米航空宇宙局(NASA)の7月下旬の報告によると、環境観測衛星「SMAP」は、台風や熱帯低気圧を監視するのにも役立つ可能性がある。実際、太平洋東部の熱帯低気圧「Estelle(エステル)」の風を観測するのに有効だったという。
SMAPは2015年に米国が打ち上げた衛星。Soil Moisture Active Passiveの略称。

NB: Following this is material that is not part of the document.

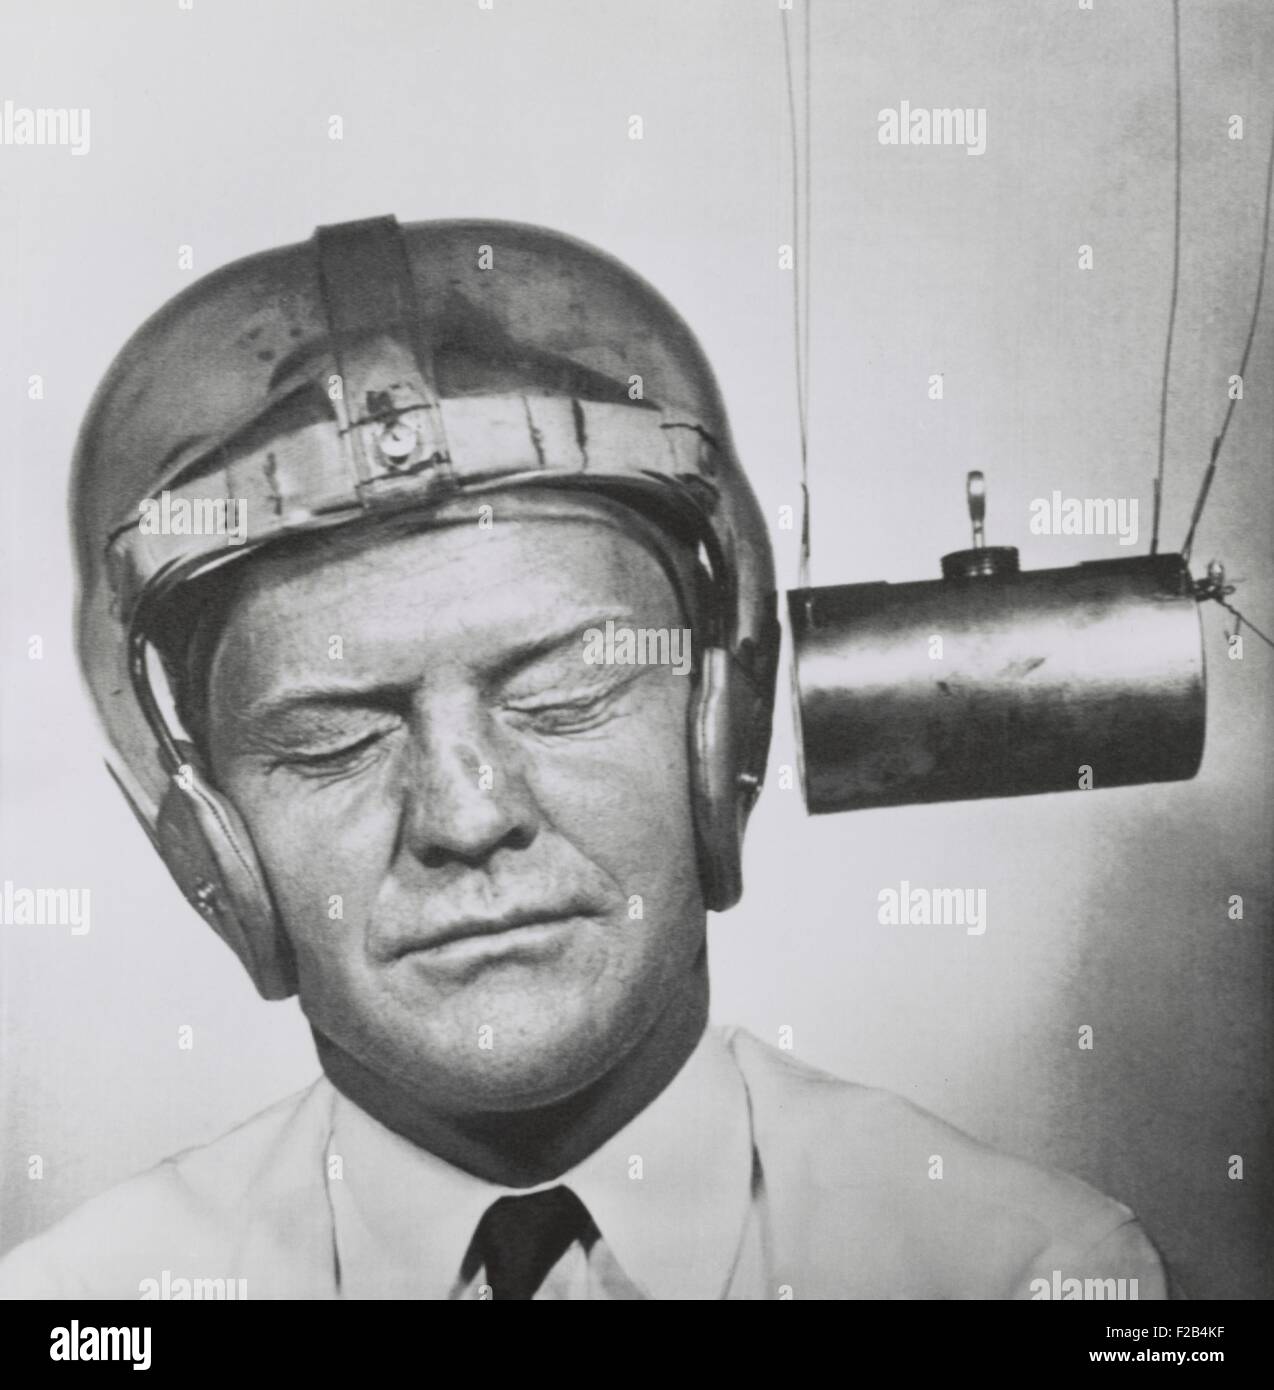 Pendel hämmerte einen Kunststoff Helm getragen zu Testzwecken um Kopfbedeckungen für Fußball-Spieler zu verbessern. Sept.13, 1950 - (BSLOC 2015 1 219) Stockfoto

「アクティブ・レーダー」と「マイクロ波放射計」を組み合わせ、地球のどこであれ地表5cmほどの水分量を観測できるよう設計してある。
一方、海面の塩分を推測することもでき、応用すれば熱帯性低気圧やハリケーン(日本で言えば台風)の風を観測するといった目的に役立つ可能性があると、あらためて示した。
I may love soil moisture, but I can also estimate ocean winds! https://t.co/1ml84Ww96m #EarthRightNow pic.twitter.com/xpqeVFnuBN
— NASA SMAP (@NASASMAP) 2016年7月26日
実際SMAPは、エステルが活発だった7月19日に、秒速30mの風を観測することに成功している。

SMAPについては2015年、搭載する重要機器の1つであるアクティブ・レーダーの故障が起き、「復旧を断念した」という報道が注目の的となったが、マイクロ波放射計は健在。衛星の機能は完全に失われず、NASAは運用継続を表明していた。